Jim Maxwell with English cricket commentator Henry Blofeld
Jim Maxwell with English cricket commentator Henry Blofeld during the 2015 Ashes Test at Lord’s. Photograph: Visionhaus/Corbis via Getty Images

When Maxwell first swung the job at the ABC in an attempt to avoid his father’s fate of a life in law, Pakistan also featured. His eventual boss Bernie Kerr sent the young hopeful off into the back of the SCG’s Noble stand with a tape recorder to cut a 20-minute audition tape during the 1973 SCG Test. At the crease, edging their way to a game-winning partnership, were Bob Massie and one-Test-wonder John Watkins, whose longevity in the game differed markedly in the end from the young man pitching his commentary work.

“I’m far more relaxed than I was when I started out nervously and excitedly,” Maxwell laughs. “I was speaking too fast. It takes time to develop a style.”

Forty-three years on and he now sits in the pantheon with not only McGilvray for the esteem in which the public holds him, but the likes of Richie Benaud, with whom Maxwell shared a warm relationship through their combined involvement in the Primary Club and a mutual respect as broadcasters.

The mention of Benaud hits upon a melancholy note, leading one’s mind to the decade-long succession of losses suffered in Australian sports commentary ranks, including the deaths of Benaud and his stalwart Nine colleague Tony Greig, along with those of Peter Roebuck, Tony Cozier, Max Walker, Mike Gibson, and the retirements or close to it of Bill Lawry, Kerry O’Keefe and Dennis Cometti.

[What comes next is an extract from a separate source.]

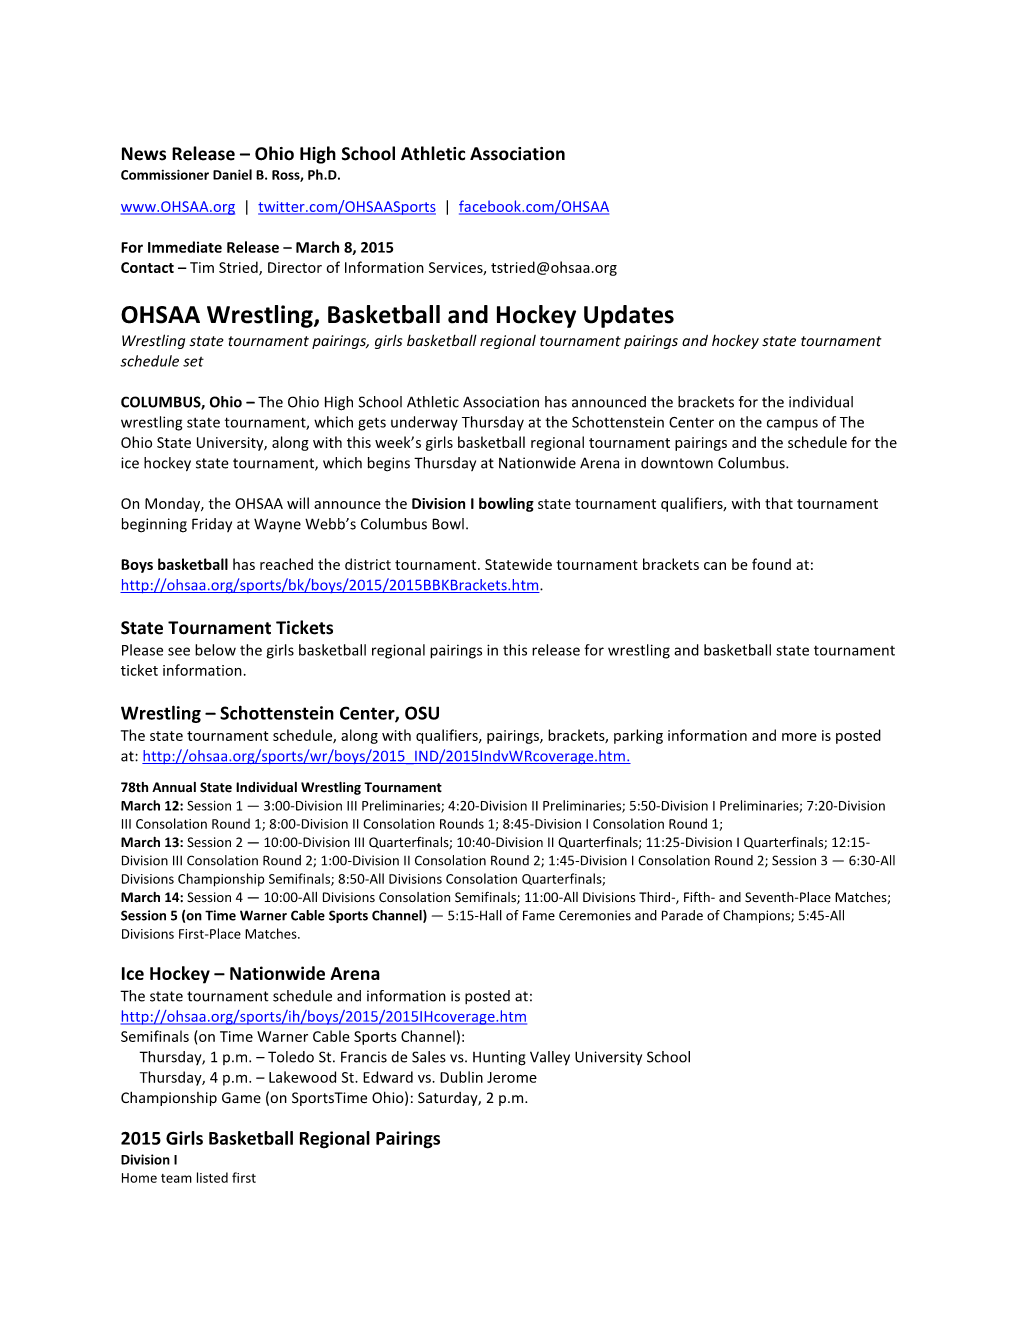 OHSAA Wrestling, Basketball and Hockey Updates

“You just get used to moving on I guess,” says a philosophical Maxwell, who has overseen six decades of change in not only broadcast journalism, but the game itself, having called cricket since before the inception of World Series cricket and felt the full force of Twenty20 revolution. “Certainly with Roebuck and O’Keefe I think we had something different,” he says of the ABC dream team of the last 15 years. “Humour and knowledge on Kerry’s part and a certain insight into humanity and editorial edge with Roebuck that no-one else could provide.”

But it’s hard to escape the feeling that these cumulative losses are spiritual blows to the game, leaving its coverage depleted and ushering in a new era of determinedly low-brow, self-regarding broadcasting. Maxwell’s book touches upon the post-Benaud world succinctly and pointedly:

On television you are a slave to pictures – unless you are Richie Benaud. He made an art form of television commentary, establishing the idea that silence was golden. He was the king of the pregnant pause. I believe the game can carry itself. I have to say though that our friends at Sky TV in the UK do a great job of calling what they see without xenophobia or cheerleading, offering humour and knowledge without bias or in-jokes.

Maxwell says it’s telling that Channel Nine still call upon Benaud from beyond the grave, using his pre-recorded voiceovers as segues. “He hasn’t quite gone. No-one has the gravitas of Richie,” he says, but adds that Mark Nicholas is a smooth presenter and has the chops to fill that role into the future.

Perhaps Maxwell could have ended up on TV himself, but he says he always preferred the “intimate” nature of radio, and the ability to form a deeper bond with listeners, who are so much more reliant on the delivery of a compelling narrative of the game at hand.

“You’ve just got so much scope than in any other sport because of all the down time in the game,” he says. “That’s the joy of it, that you can go to other places with it. You’re running this narrative for the listeners all day and you do develop this intimacy with the audience because you’re storytelling all day. That’s the joy of Test match cricket.”

“The lesson from working and listening to McGilvray is to get yourself involved in the game. I think today, at times, it’s becoming a bit too conversational and there’s not enough of actually conveying the drama of the cricket.”

As Australia’s Test side mucks along through a middling start to the summer, it’s at least comforting for fans to know that order will soon be restored to the ABC’s radio broadcasts once Maxwell’s voice returns to the airwaves.

It’s also heartening to know that Maxwell himself is full of optimism about both his own and the game’s longevity, as per his parting words: “Test cricket has been dying for years but not even Donald Trump can kill it.” We shall soon see.